Lawyers especially will want to take note of this very useful document identified by Cory Doctorow. It seems the NSA’s Architectures and Applications Division of the Systems and Network Attack Center (SNAC) Information Assurance Directorate, no less, has released a long report on Redacting with Confidence: How to Safely Publish Sanitized Reports Converted From Word to PDF.
It’s released as a pdf!
Thanks for sharing the info. I’ll read with pleasure. Really, you need to protect your personal txt info sometimes.
But is it properly sanitized? 🙂
Really, such a guide makes sense – enough people have tripped up that redaction procedure errors are something of a standard check nowadays by *readers*, when a redacted government document is released.
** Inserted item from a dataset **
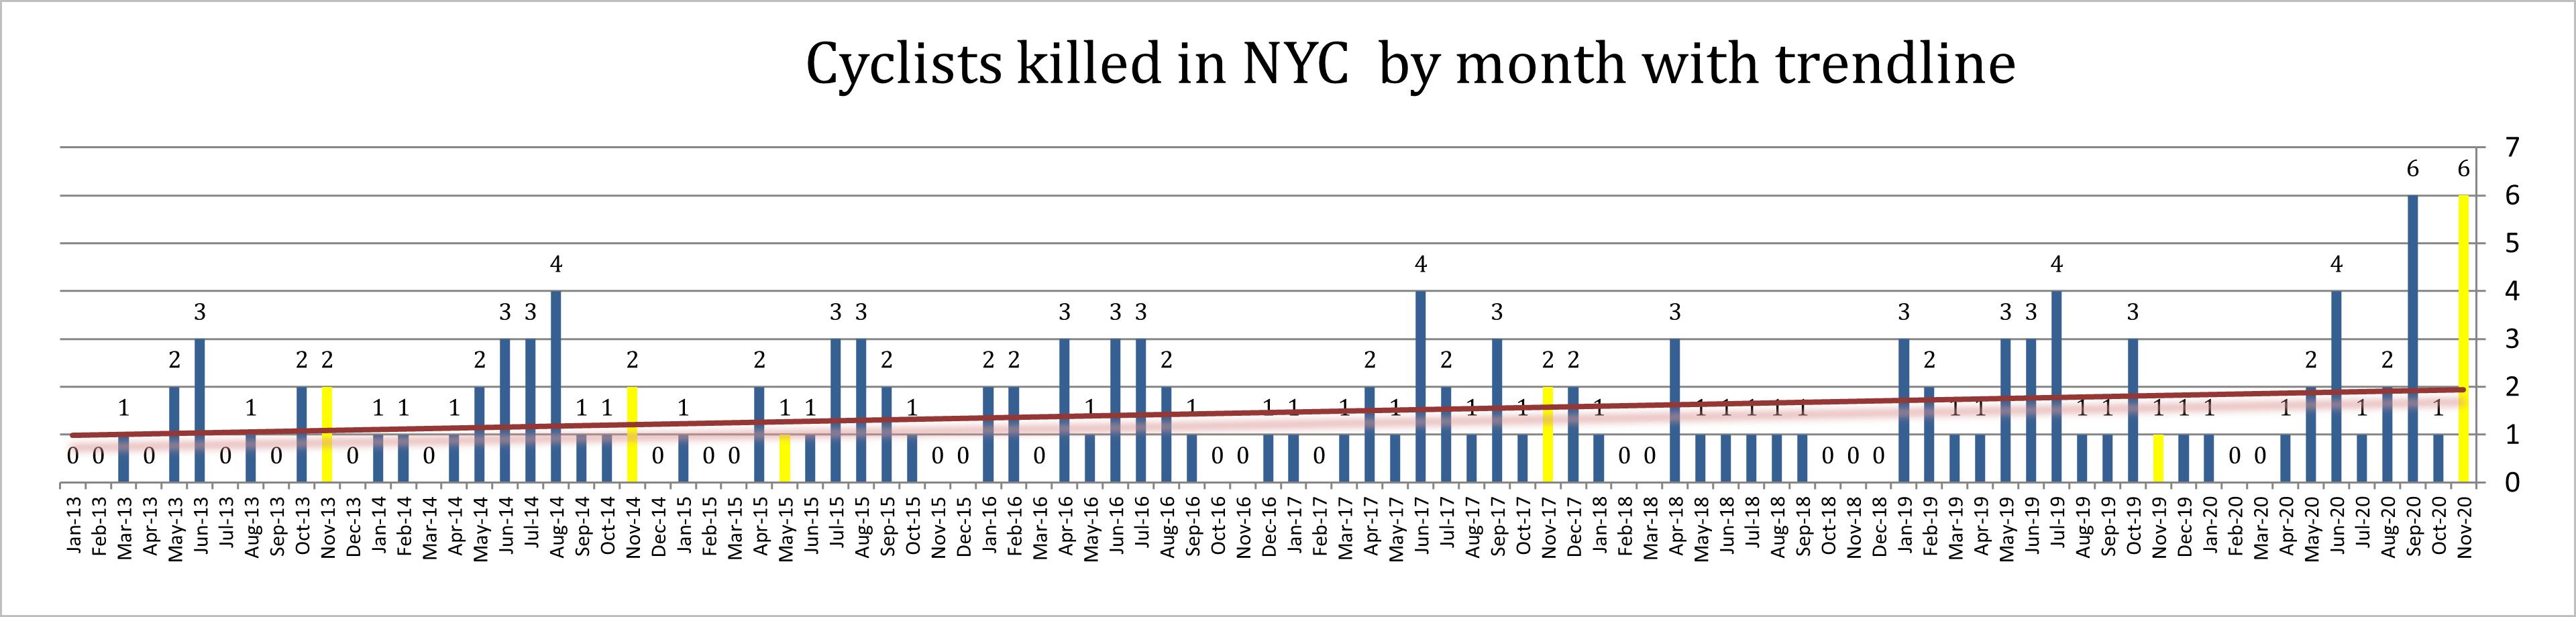 Bicyclist deaths New York November 2020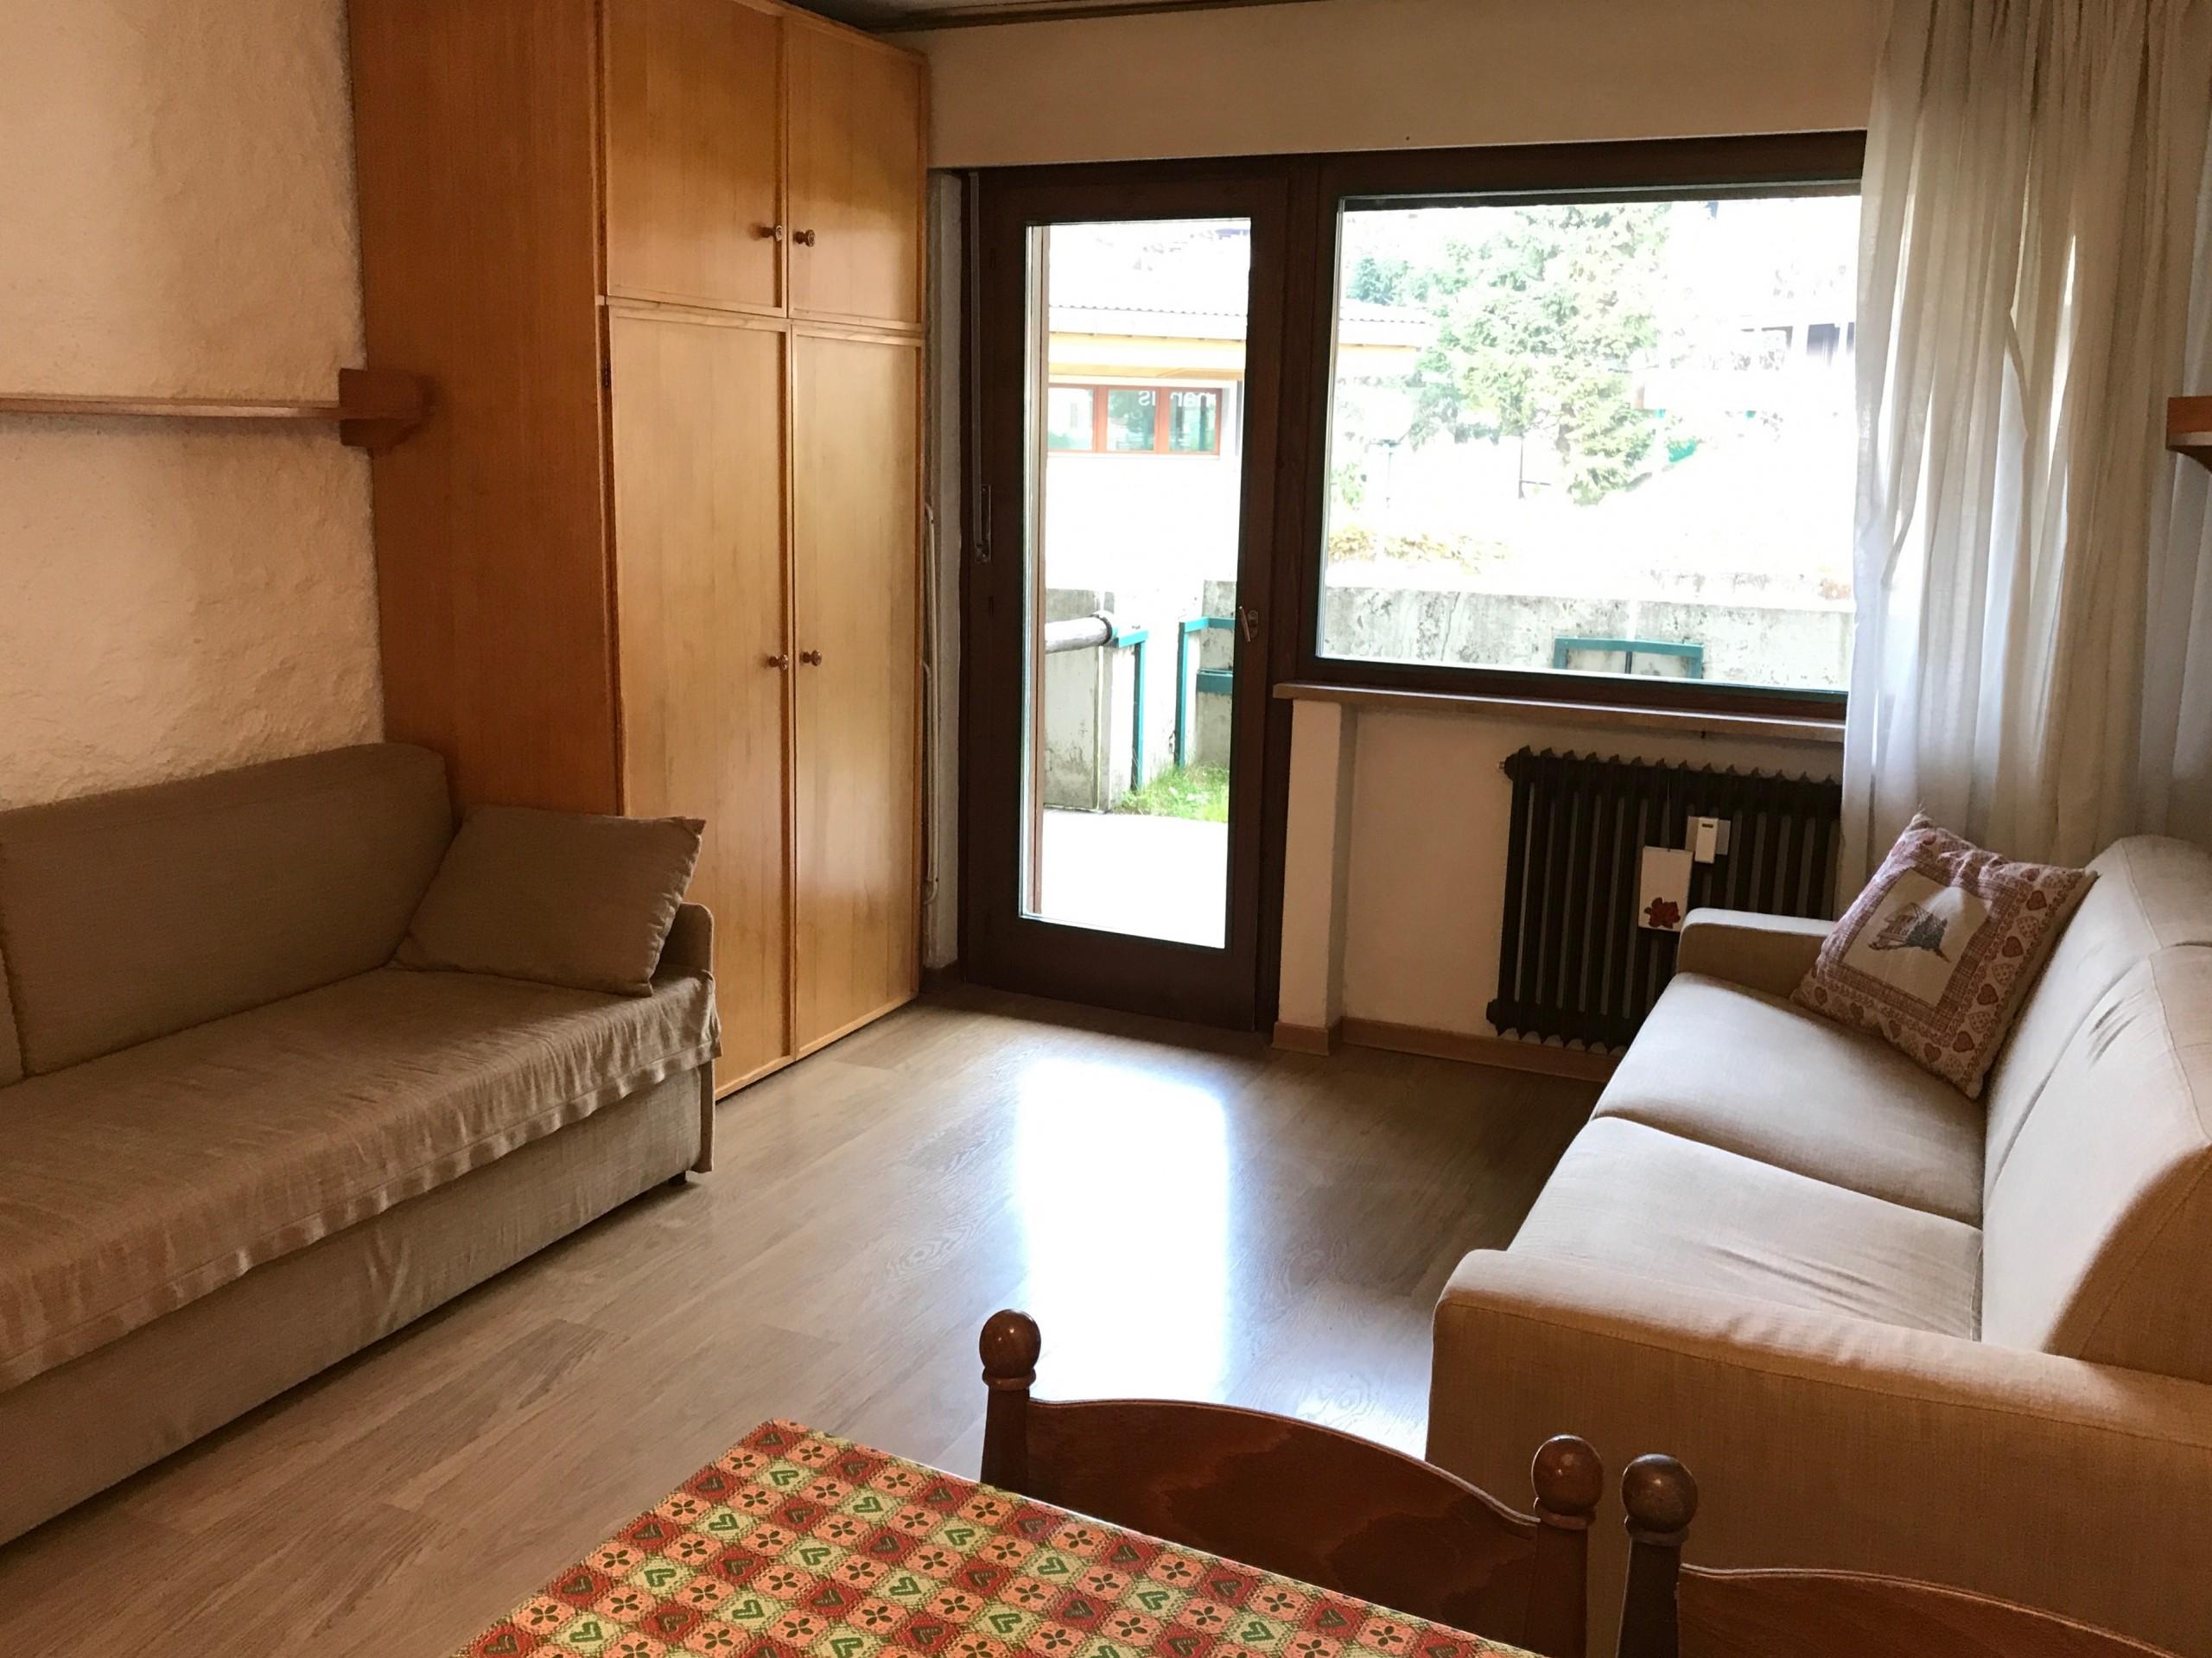 Appartamenti in Madonna di Campiglio - NARDIS 20

I read with interest your posting of the NSA procedures for sanitizing documents. What interested me was the time consuming, multistep procedure, clearly prone to errors. What also interested me was the failure to mention a far better solution: simply scan an electronic picture of the document, redacted as you like in the old fashioned manner. If you scan at 300 dpi into Acrobat, you should be able to do a word search of the remaining text (assuming you paper capture the document, if memory serves me). This procedure eliminates any chance of providing information unintentionally. While it does create larger files, one can always burn the documents scanned to CD or DVD for delivery to a third party if space is a concern. This, by the way, was the method I often used when preparing closing sets for corporate transactions. A “picture” of the actual document signed was more certain (it picked up hand written changes and initials, for example) than the electronically converted version (which might be older, newer, etc.). I am very surprised that this scanning idea did not find its way into the NSA memorandum.
The process you mention was the suggested route in a memo issued to the DoD by the OSD last summer. It would be the preferred solution for older documents, but I think most people don’t want to print out and then scan back in their personal documents for release.